I grew up in hurricane country, so I know this feeling.
The storm is brewing. Clouds building on the horizon, a charge in the strangely greenish air; you can see it coming from miles away. The waiting is the worst. You do what you can to prepare: tape the windows, buy batteries and water. You don’t leave, because this is your home. You wait, and hope that, when the storm hits, you’ll be able to ride it out.
The storm finally hit my architectural firm last Tuesday. One of my coworkers gave notice that he was leaving. He did not bring the storm; his was simply an evacuation notice. And, as forecast, the storm came in the following day.
Due to economic climate change, the storm that finally hit my office has been all too common in the past few years. We’re finishing up existing projects. We have no new work. We’ve been struggling with this for a while. Fortunately, this storm is localized. Our main office in California has more than enough work, and the extra has been a lifeline for our office, at least for a while. At this point, however, things are looking bleak.

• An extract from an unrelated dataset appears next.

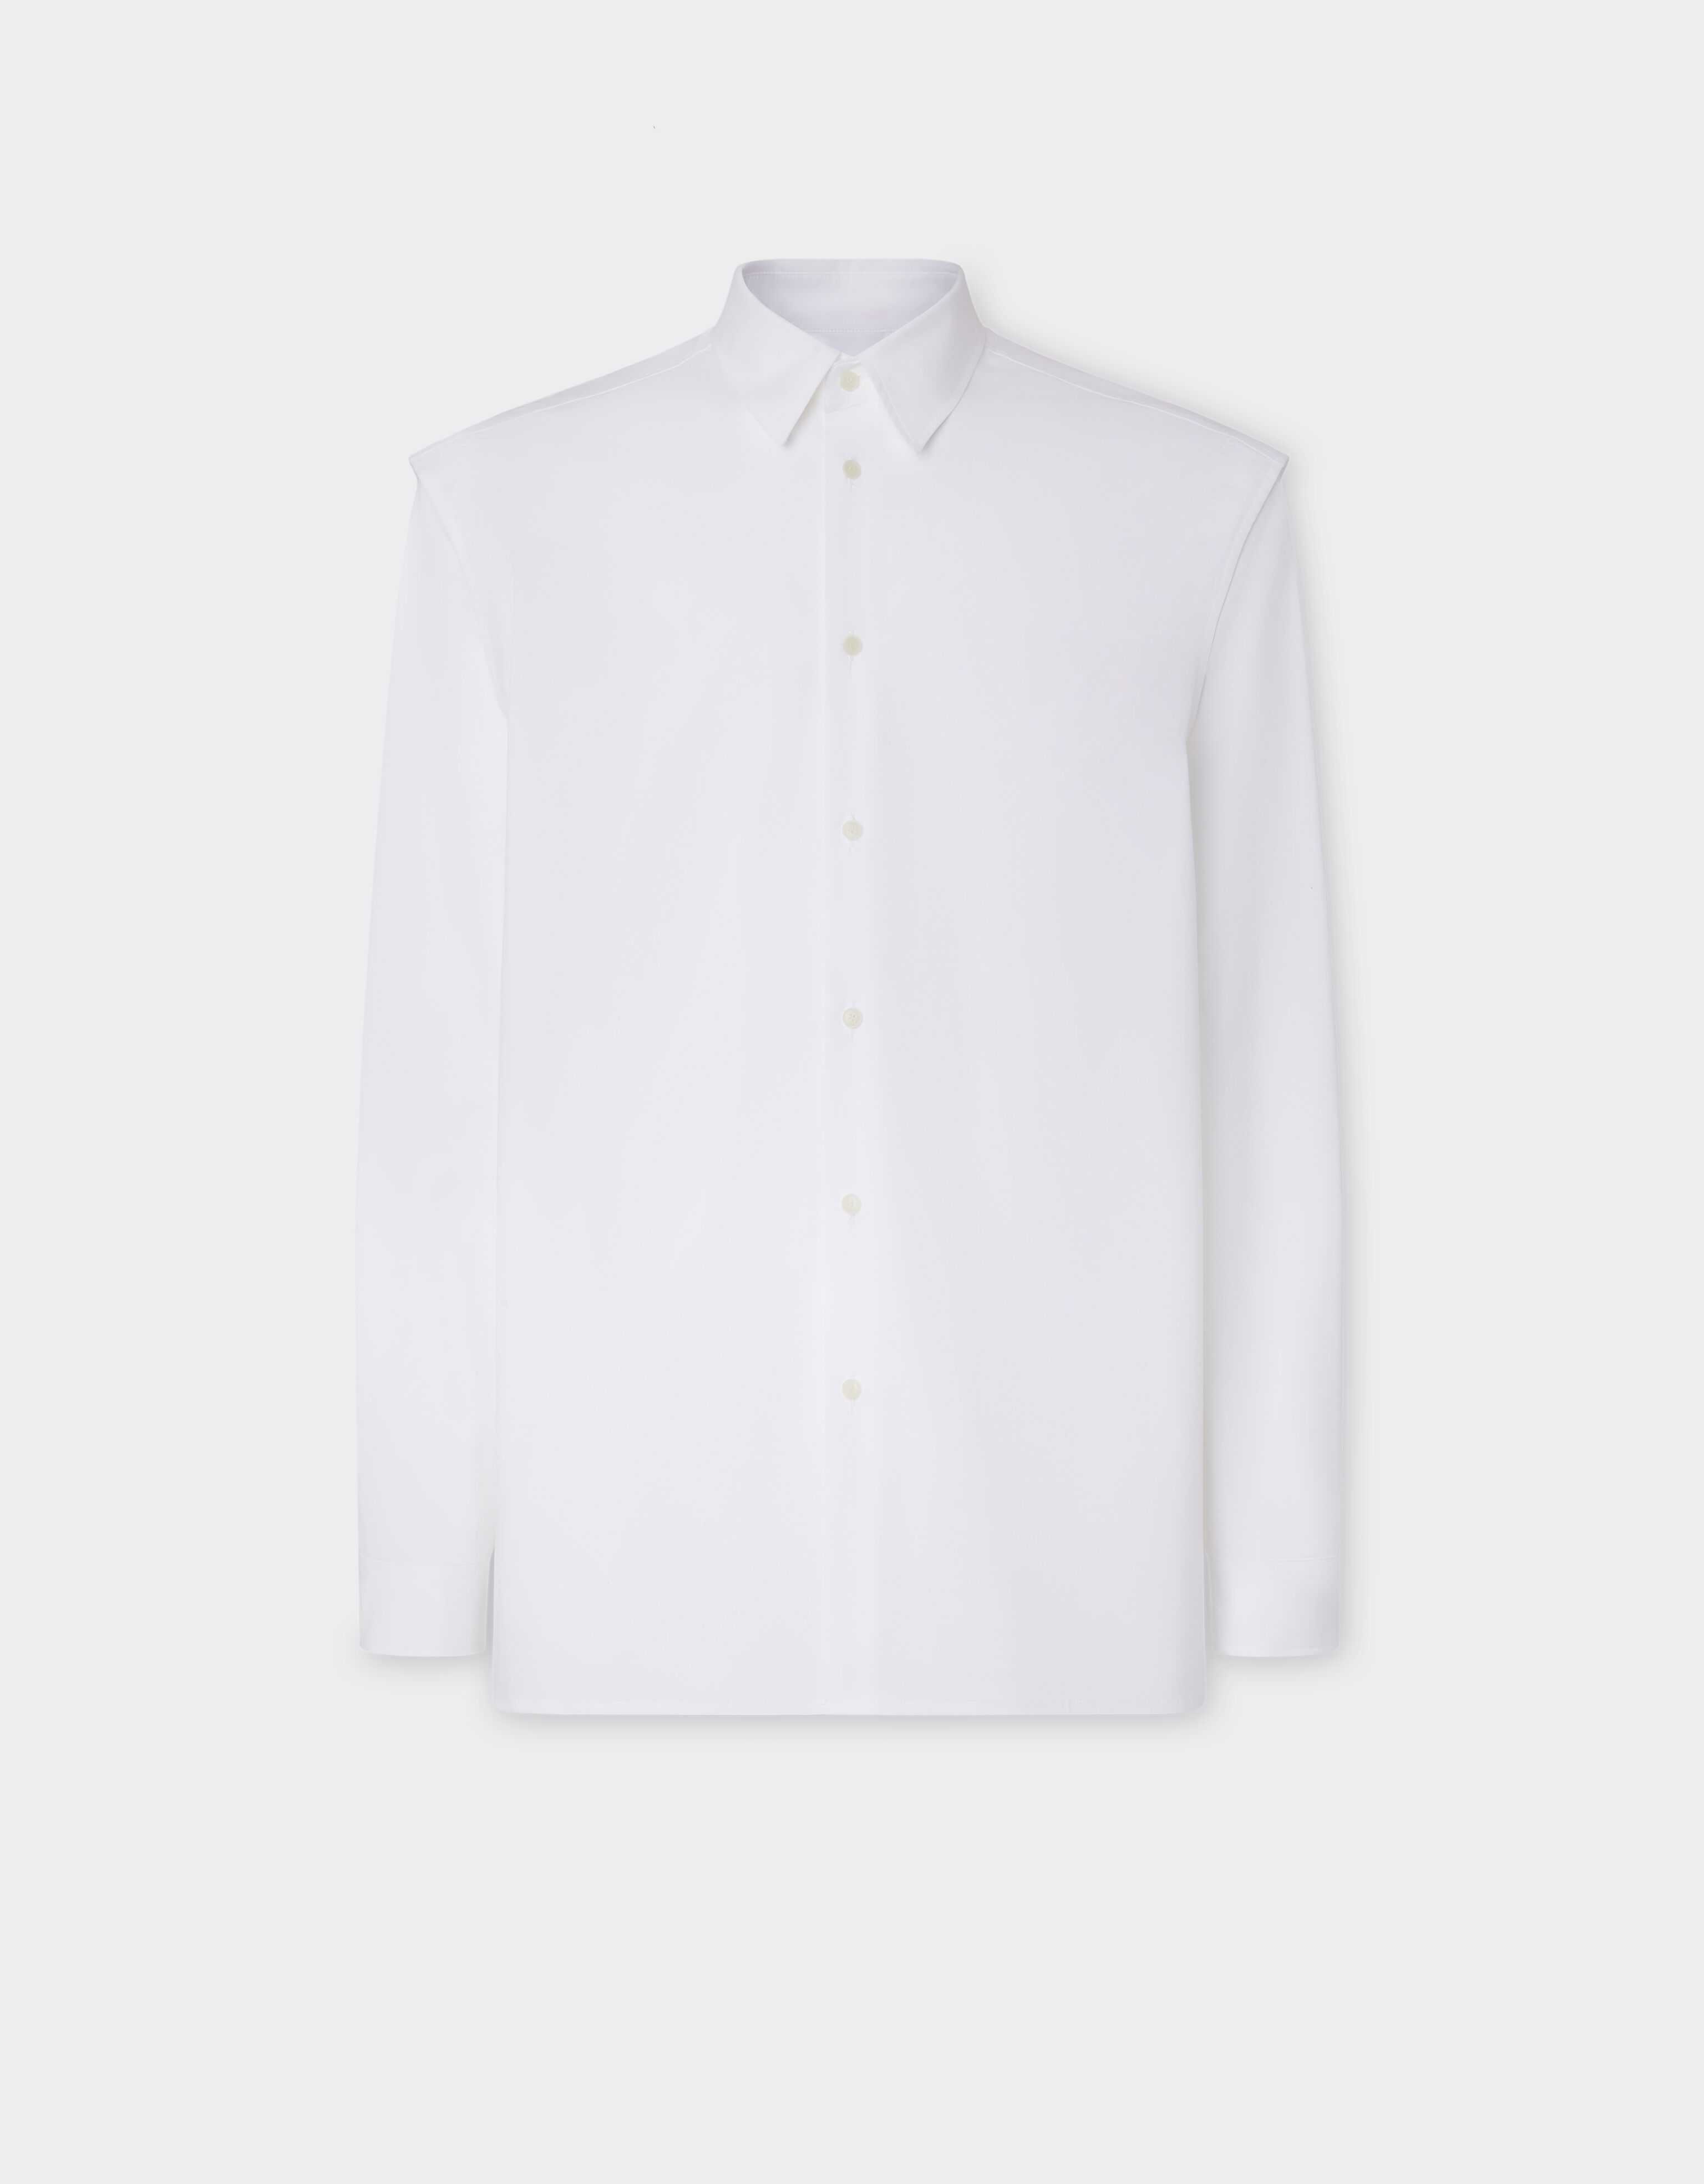 Ferrari Cotton shirt with 3D grosgrain taping Giallo Modena 48314f

The lease on our office space runs through January, and it appears that our Seattle office, where I have worked for the past three years, will close by the end of the year. If I want it, there is a job waiting for me at the office in California. It’s good to feel wanted, and to know that I have that option. My husband and I have thought of moving back to the Bay Area, which is where we lived prior to moving here. There are many considerations, financial and otherwise. If we decide to stay in Seattle, my very well-connected boss will help me find another job with a good firm here. One way or the other, this storm is bringing big changes.
So, right now there’s lots of wind and rain, and I’m feeling constantly buffeted. (Not as bad as the cancer tornado we had earlier this year… but, damn, I’m tired of being blown around.) Because I have been through a storm or two before, I do know what to expect. Eventually, the eye will arrive. There will be some calm, and clarity, and decisions will be made. Of course, there will be rain and wind the other side of the eye, but, in time, this storm too shall pass.